I came close to calling someone, anyone, to see if they could help me make this shame and despair and hatred go away. I know that I could have called. There are several people that have told me to call if I need them. But I couldn't make myself do it. I couldn't explain how someone with such a wonderful life as I have could want so desperately to throw it away.

I didn't want to wake someone at one in the morning. I didn't want to worry anyone. I didn't want them to panic and call the cops on me. I didn't want them to think it necessary for me to have a babysitter. And, to be flat-out honest, I didn't want to be talked down. I wanted to be left alone to die.

So I stared at the person in the mirror and listened to the taunting and prompting and goading. I dumped out a handful of pills into my hand, probably 40 or 50 of them. I weighed them in my hand. I felt the texture of them - powdery and rough like overused sandpaper. I pictured dumping them into my mouth, shoving them down with a swig of water and then repeating it with another handful and another and another and another until they were all gone.

I remembered the sensation of laying on the bed and forgetting to breathe, inhaling slowly and deeply because my head wanted air not because my chest told me to. I remembered how clear and soft and comfortable everything felt right as I slipped into sleep, how peaceful and unhurried everything became. I remembered the overwhelming relief I felt.

Then I remembered the strangest thing. I remembered the taste. The pills have this hideous aftertaste. It's worse than chewing aspirin. And it can't be washed away with water. It takes something with a much stronger flavor to get rid of that bitter grit that clings to the back of the throat and becomes like a smell when I breathe. It's nasty.

And all I had was water. Then it occurred to me that I hate water. Tap water grosses me out. Even filtered water makes me cringe. So I'd have to drink nasty water to swallow nasty pills that I then wouldn't be able to get the nasty taste to go away. And that would royally suck. It would be, well, nasty.

The thing in the mirror called me a coward.
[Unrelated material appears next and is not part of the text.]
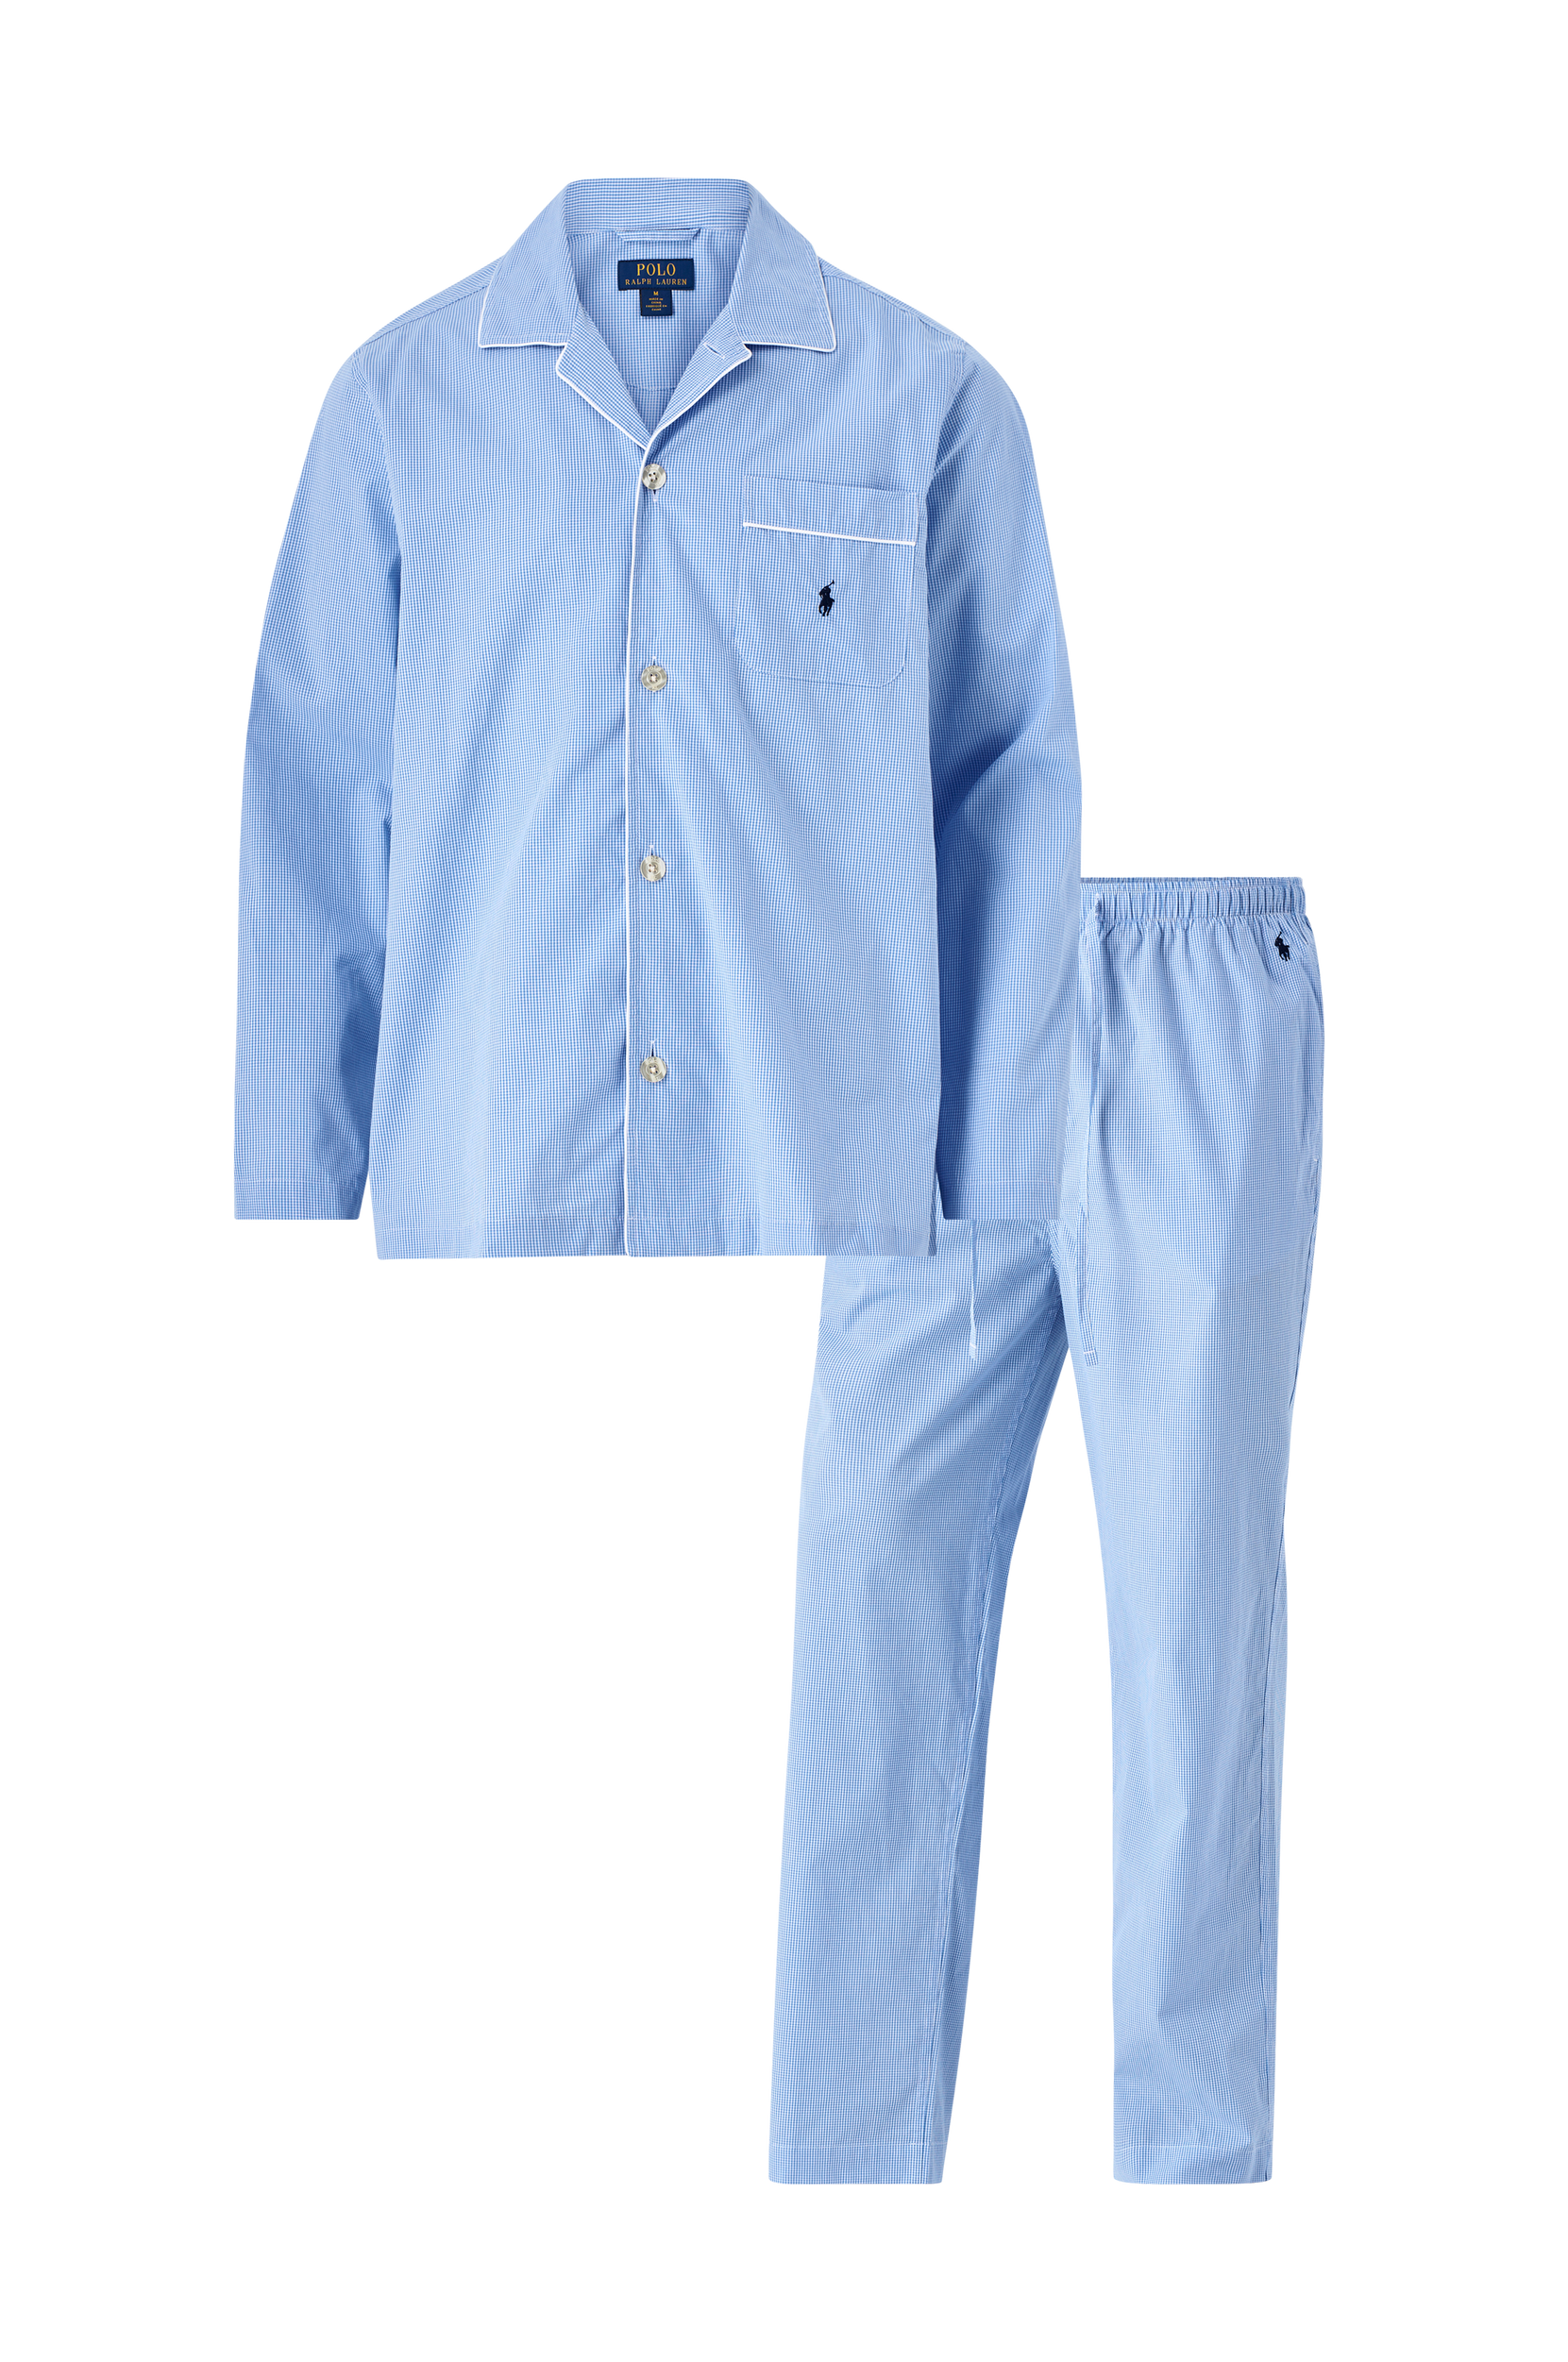 Polo Ralph Lauren - Pyjamas Cotton-Sst - Blå - S

She called me stupid and a loser and wimp and all sorts of other things. She repeated all the reasons that I wanted to swallow them in the first place and all the things that are wrong with me. And I still wanted to die. But not then, not like that.
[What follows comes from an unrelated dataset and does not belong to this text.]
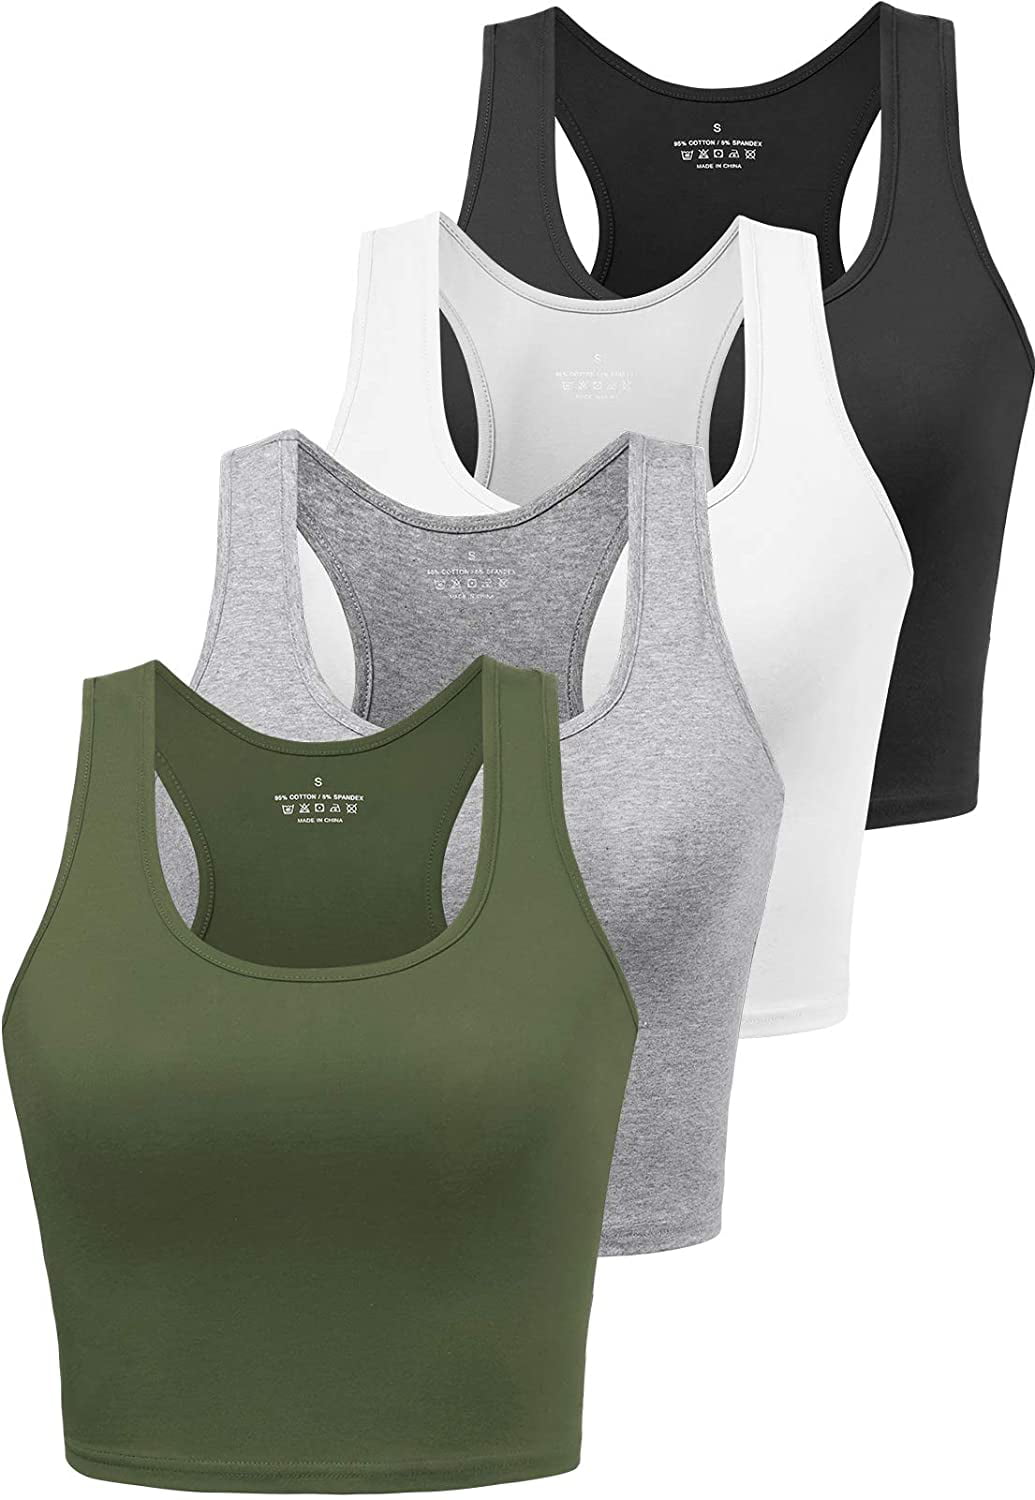 4 Pieces Basic Crop Tank Tops Womens Sleeveless Racerback Crop Sport Tank Tops Sport Bra Yoga Workout Shirt for Teen Girl

I put the pills back in the bottle. I put the bottle back in my pocket. And I went back to bed, putting the pills in their "safe spot" before turning on some music to distract me, slipping under the covers and trying to go to sleep.

So here I am, living my perfect life in my perfect home with my perfect everything all around me, hating every breath I take but unable to do what I so desperately crave.

Please God, make a bird so I can fly far, far away. -Forrest Gump
Preferably a duck or goose or something so someone will shoot me. - Me

3 comments:

michelle said...

I wish I had some magic words to make your pain stop but instead just know that I - a strager in the internet world - is out here rooting for you, praying that things get easier.

Aqua said...

Hi SV,
I feel so much for you and your pain. Depression really does know no boundaries...rich poor, bad life, seemingly perfect life, it grows in all kinds of people.

Please call your pdoc and tell him/her both how you have been feeling and the actions you have been taking (i.e. taking pills out of the bottle etc.). If you cannot afford a pdoc there has to be some kind of community help available.

It is a hard thing to do, but the support you need will be there. Please know I am wishing and hoping your depression will lessen.
...aqua

The Silent Voices in my Mind said...

Michelle - thanks for the support!

Aqua - thanks for the support. I don't dare call my pdoc as his response is predictable. He would say the only thing to do is hospitalize me. That is a completely unacceptable "option" for a myriad of reasons. I will try to discuss it with The Shrink on Wednesday, though I still get nervous about involuntary commitment. But thank you for caring - it means a lot.